Apache is an oil exploration and production outfit that has good potential for production growth, according to Bath.
Bath manages the Diamond Hill Large Cap Value Fund, which counts Apache and Devon Energy as its top two biggest holdings.
"We like the oils in general and Apache is one of those unique names with good opportunities for production growth and its assets are located in a good stable environment."
Bath says he tries to avoid energy companies with assets in areas with an uncertain politcal environment such as Venezuela or Russia.
Devon Energy is similar to Apache, Bath says, with North America-based assets and good potential for production and asset growth.
"Both of them are very cheap at around 11 to 12 times earnings and five times cash flow," he noted, with "good eanrings growth in a market that is still relatively expensive."
William Rutherford, president of Rutherford Investment Management, said he continues to have a positive long-term view of energy stocks.
"I like energy services in particular because with all the money the energy companies are making they need more reserves, they need more exploration and they need to service what they have," Rutherford says.
There are a number of other quality energy companies trading at reasonable valuations, says Chris Nelder, senior analyst at investment newsletter Energy and Capital, who highlights firms such as coal producer Peabody Energyand independent refiner Valero Energy, among others.
Shares of these companies, Nelder says, have "all been whacked pretty good."
"All those guys have great opportunities ahead of them," said Nelder. "They are certainly on sale right now but the market is so sketchy right now. Essentially, the bottom line is that the tide of speculative money flowed in and flowed out."
"It's like catch the falling knife out there, it's just really tough right now," he says. "In this environment with the enormous influence of hedge fund money in the energy complex, they will get bid up and down and it has nothing to do with them so it's just hard to invest."
Nelder says he has whittled down his portfolio recently and currently owns just three stocks: Valero , Raser Technologies, a geothermal electricity play, and SulphCo, which says it has developed a way to cheaply remove sulfur from heavy sour crude.
'They're Going to Jump'
"The market took them down along with everyone else but once the pressure came off a little bit they bounced right back," said Nelder. "As soon as this stuff wrings out a little bit I think they are going to jump."
Fadel Gheit, senior energy analyst at Oppenheimer, says he was also concerned with what he sees as intense speculation in energy stocks on the part of hedge funds and big investment banks.

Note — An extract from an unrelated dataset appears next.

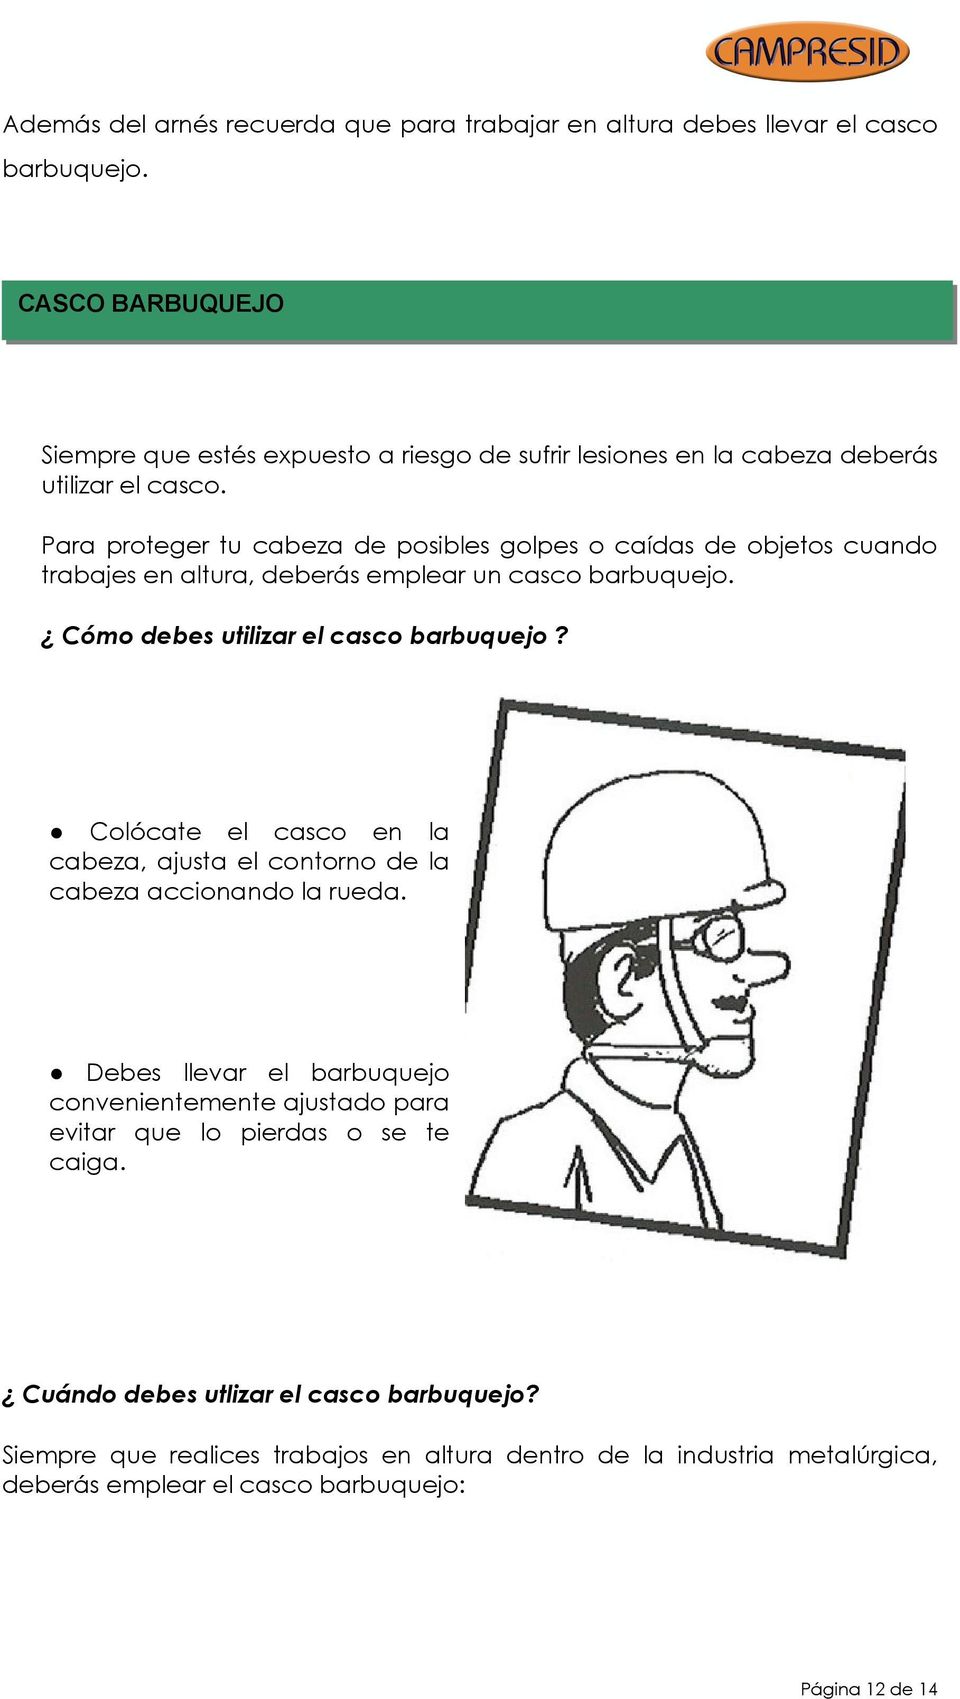 Para proteger tu cabeza de posibles golpes o caídas de objetos cuando trabajes en altura, deberás emplear un casco barbuquejo. Cómo debes utilizar el casco barbuquejo?

As crude oil profit margins narrowed dramatically in late July due to rising crude prices and lower fuel prices, the analyst warned clients to expect increasing volatility. A week later, Gheit downgraded the entire oil and gas sector -- more than 20 stocks -- to "neutral" from a previous rating of "buy."
"We sent a warning signal two weeks ago to pull the plug on everyone," Gheit said in a recent phone interview. "The industry fundamentals in our view have weakened and the inventory consumption is really weaker than what it appears to be."
In the current environment, the analyst contends, big banks such as Goldman Sachs have more to do with oil prices than the oil companies themselves.
"There's tremendous speculation by not only hedge funds but by financial institutions, which have much more money to play with and have more access to information," he said.
Gheit remains unquestionably bullish on energy companies' long-term outlook, however.
"The world does not run without energy, we will need every source of energy we can get our hands on, but the low-hanging fruit has been picked," he said. "Ninety percent of the people in the market today are short-term oriented, they want instant gratification. That's not investing."